Better protection for crucial seagrass meadows

Diving on a seagrass meadow
The JCU seagrass ecology group diving on seagrass meadows near Cairns.

James Cook University researchers have helped develop a unique scientific model to better protect seagrasses, which are crucial habitats for fish, dugongs and turtles.

Dr Michael Rasheed, Principal Research Scientist at JCU’s Centre for Tropical Water and Aquatic Ecosystem Research (TropWATER) said seagrass, corals and mangroves are all in trouble globally.

“This is at least in part due to stressors associated with water quality, including light reduction, exposure to toxins, and smothering by sediments,” he said.

“Seagrasses are vital habitats for fisheries, provide food for green turtles and dugongs, and have a major role in capturing and storing carbon in the marine environment, helping to buffer the effects of climate change.”

“So, coming up with globally applicable management tools to help protect them is a great step forward.”

The team, made up of researchers from six institutions, studied 28 seagrass meadows around the world.

Lead researcher, Queensland University of Technology's Dr Paul Wu, said they developed a unique model that brings together data on seagrass and the surrounding environment to predict how a seagrass meadow would cope with dredging.

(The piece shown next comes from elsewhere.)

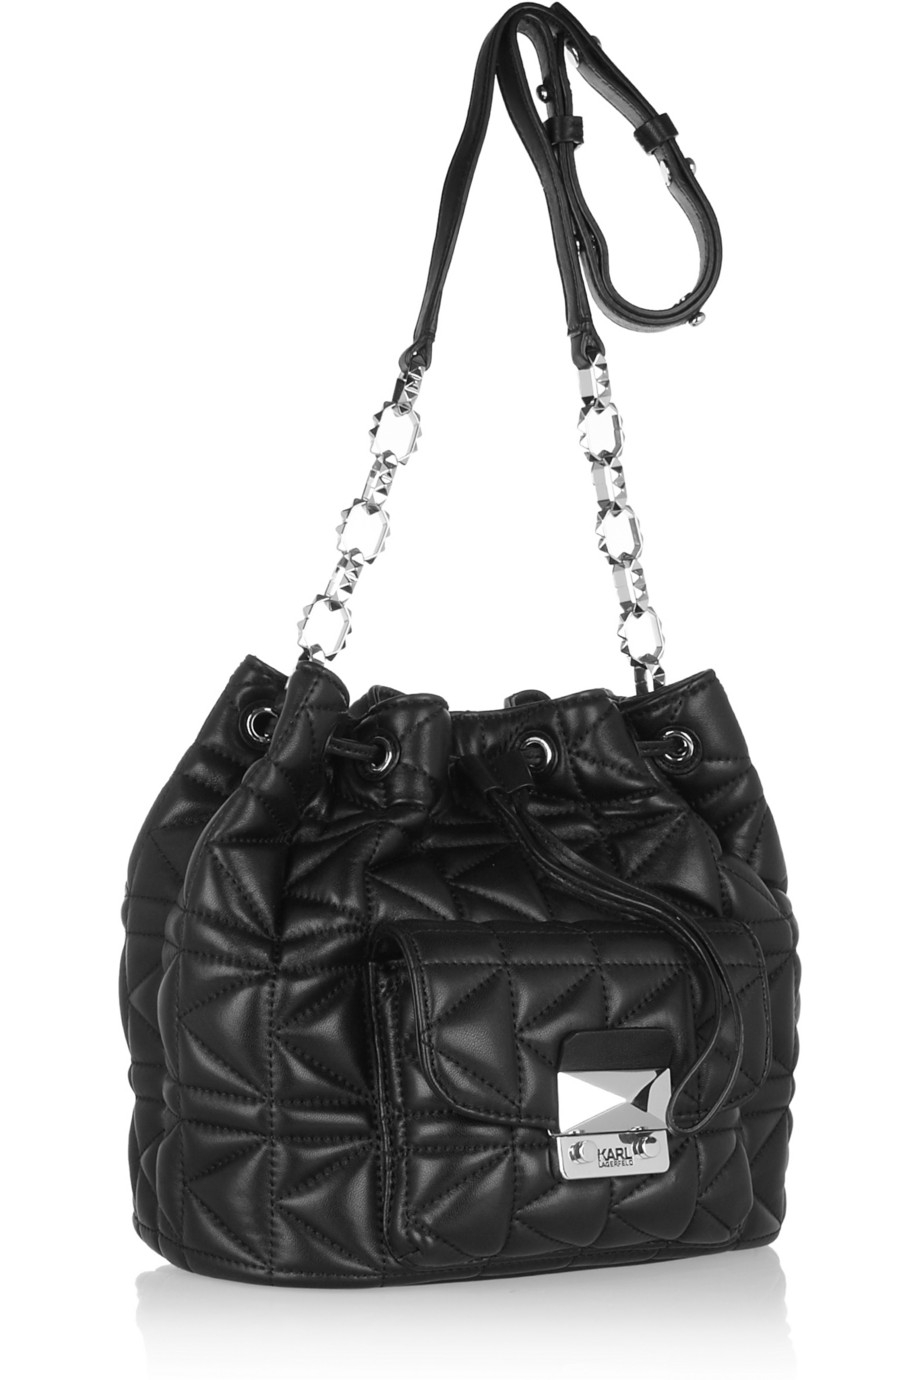 Lyst - Karl Lagerfeld K/Kuilted Leather Bucket Bag in Black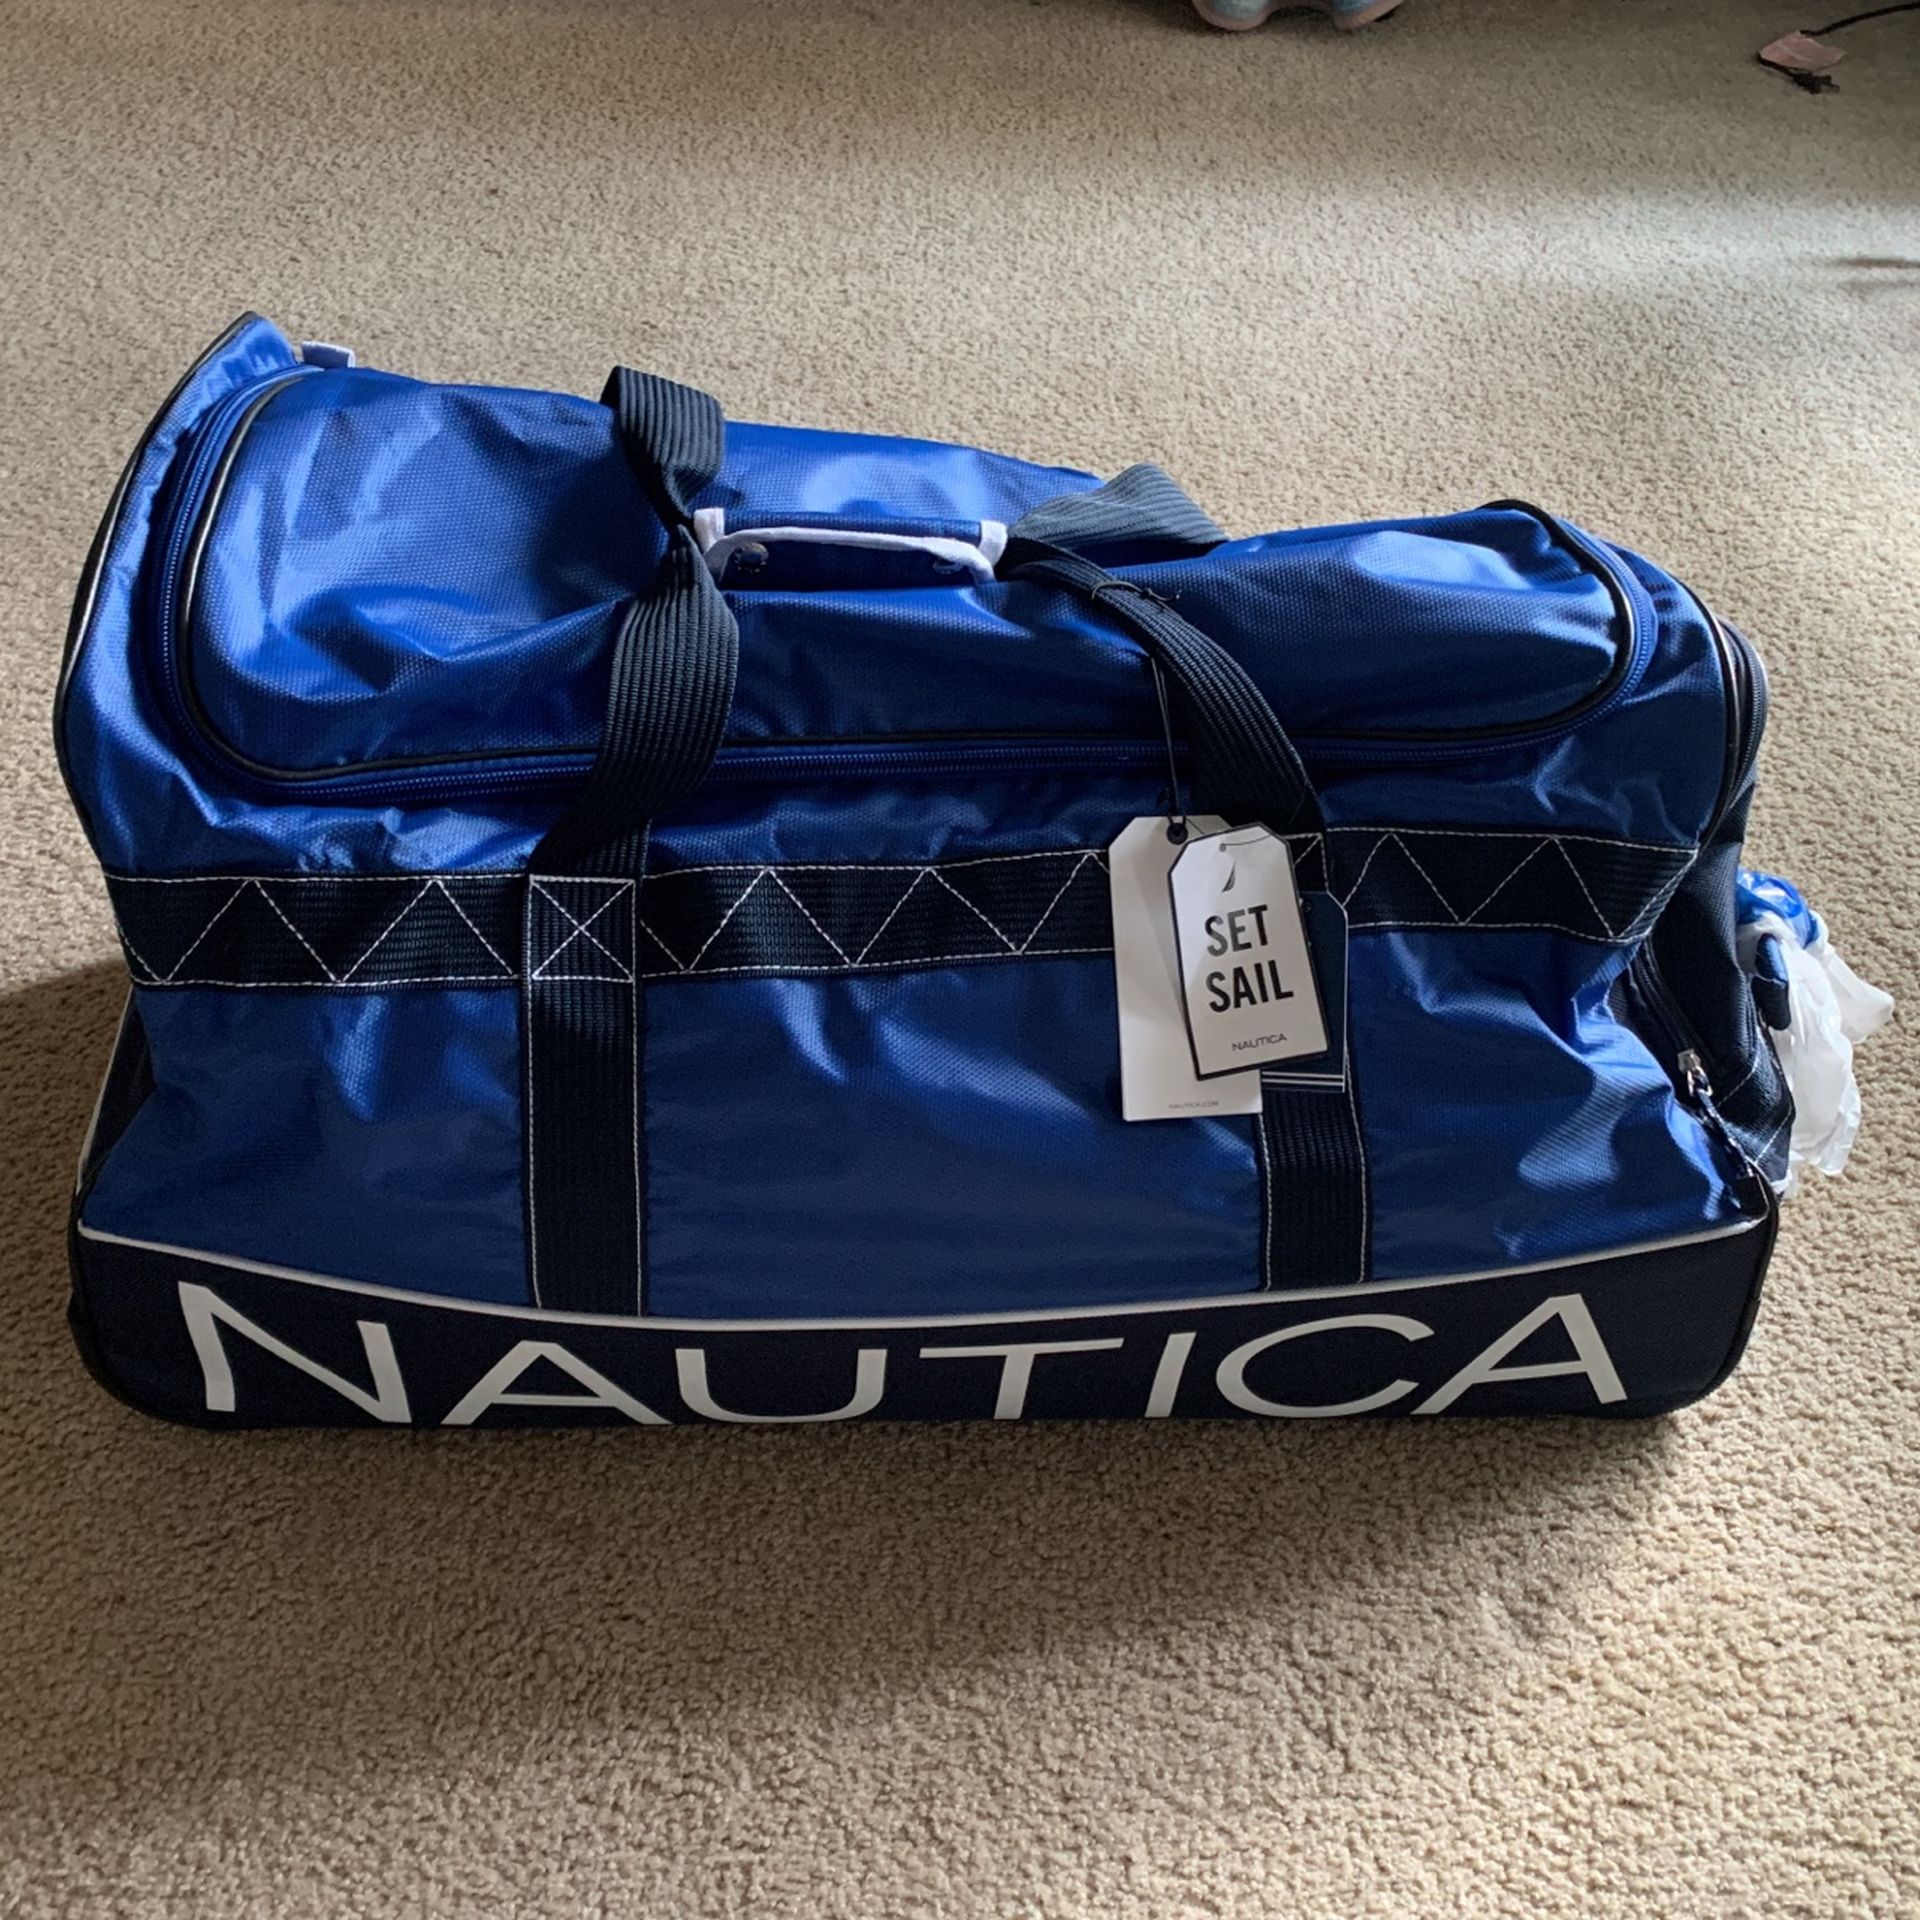 Nautica Duffle Bag w/Wheels

He said this provided a way of predicting the best time to dredge in order to give seagrass the best and quickest chance of recovery.

“Our model can provide up to a fourfold reduction in recovery time, and up to a 35 per cent reduction in local extinction risk for seagrass species,” said Dr Wu.

“If the seagrass can come back more quickly, or we can minimise the impact, that will also help everything that depends on it.”

Dr Rasheed said they found the resilience of meadows depends most on the life history of the seagrass genus and the duration and timing of the impacting stress.

“Global trends indicate favourable windows in autumn and winter where dredging causes the least problems,” he said.

“Ideally, impact assessments of dredging campaigns do still need to be customised for specific meadows at specific periods in time and incorporate uncertainty associated with forecasted future conditions.”

Dr Rasheed said the model provided a way to capture that uncertainty and still provide useful directions for management.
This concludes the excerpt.